A Constituição de 1988 consagra o devido processo legal nos aspectos substantivo e processual nos incisos LIV e LV do art. 5º, respectivamente. Em sua evolução histórica, o princípio do due process of law dilatou sua compreensão processual ou adjetiva (garantia de um procedimento judicial justo, com direito de defesa) para, a latere, uma conceituação substantiva ou material no direito norte-americano, como limitação do mérito das ações estatais, exigente da elaboração normativa com justiça, reasonableness (razoabilidade) e racionality (racionalidade), devendo ostentar real e substancial nexo com o objetivo que se quer atingir. No direito germânico, o princípio da proporcionalidade (proibição do excesso) impõe a avaliação da compatibilidade entre meios e fins, de modo a evitar restrições desnecessárias ou abusivas contra os direitos fundamentais. No fundo, entrosam-se tais conceitos com a dimensão da igualdade na lei (proibição de normas discriminatórias desarrazoadas) e perante a lei (vedação da execução da norma com tratamento discriminatório desarrazoado).

Por força desse princípio é necessário que a norma passe pelo denominado “teste de razoabilidade”, de maneira que preencha os seguintes elementos: adequação (aptidão a produção do resultado desejado), necessidade (infungibilidade por outro meio menos gravoso e igualmente eficaz) e proporcionalidade em sentido estrito (relação ponderada entre o grau de restrição de um princípio e o grau de realização do princípio contraposto).

Neste contexto, não há na lei enfocada qualquer elemento razoável para se arquitetar a obrigação nela contida e na forma concebida.

Se é lícito ao Município legislar, de forma complementar, acerca de normas de proteção ao meio ambiente (art. 24, VI, da CF), as obrigações daí geradas devem estar acompanhadas de justificativa racional que as sustente.

A imposição de obrigação de plantio de árvores apenas aos estabelecimentos apontados na lei atacada não é razoável, tendo em vista que direcionada somente às concessionárias da cidade de Indaiatuba, que vendam veículos novos, enquanto que as montadoras de veículos, e até mesmo comerciantes de carros usados, que estejam instalados em outras cidades, não são atingidos pela mesma obrigação, embora os veículos possam vir a circular naquela urbe, onde culminam por dispersar os indesejáveis agentes poluentes, o que, de toda sorte, acaba por malferir o princípio da isonomia.

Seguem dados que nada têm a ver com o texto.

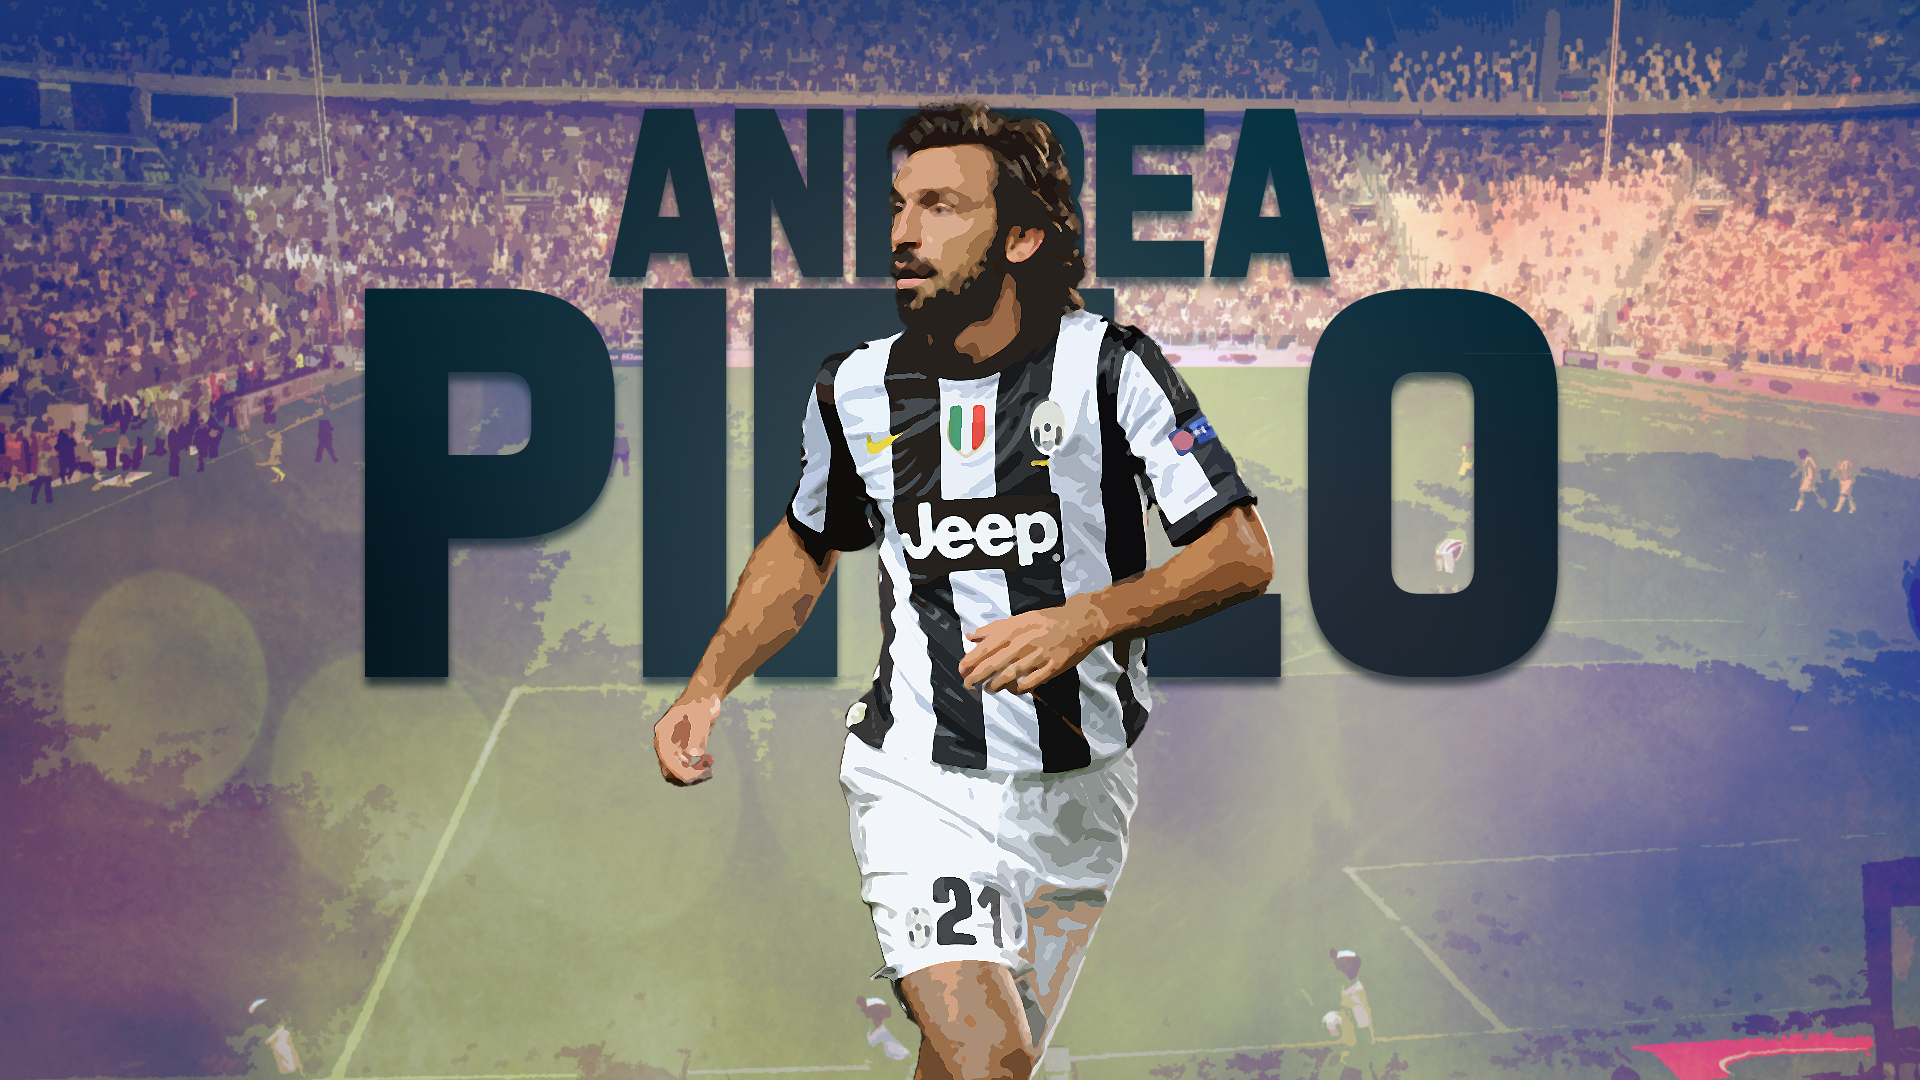 Descarga gratuita de fondo de pantalla para móvil de Fútbol, Deporte, Andrea Pirlo, Juventus F C.

 Aliás, este tratamento desigual aos concessionários de veículos demanda a existência de relação entre o fator ou elemento discriminante, o discrímen e a finalidade da discriminação, ou seja, impende que exista uma adequação racional entre o tratamento diferençado construído e a razão diferencial que lhe serviu de supedâneo(Celso Antonio Bandeira de Mello. O Conteúdo Jurídico do Princípio da Igualdade. São Paulo: Revista dos Tribunais, 1978, p. 49).

A diferenciação feita pelo legislador só será possível quando, objetivamente, constatar-se um fator de discrímen que dê razoabilidade à diferenciação de tratamento contida na lei, pois a igualdade pressupõe um juízo de valor e um critério justo de valoração, proibindo o arbítrio, que ocorrerá “quando a disciplina legal não se basear num: (i) fundamento sério; (ii) não tiver um sentido legítimo; (iii) estabelecer diferenciação jurídica sem um fundamento razoável” (J. J. Gomes Canotilho. Direito constitucional e teoria da constituição, Coimbra: Almedina, 3ª ed., 1998, pp. 400-401).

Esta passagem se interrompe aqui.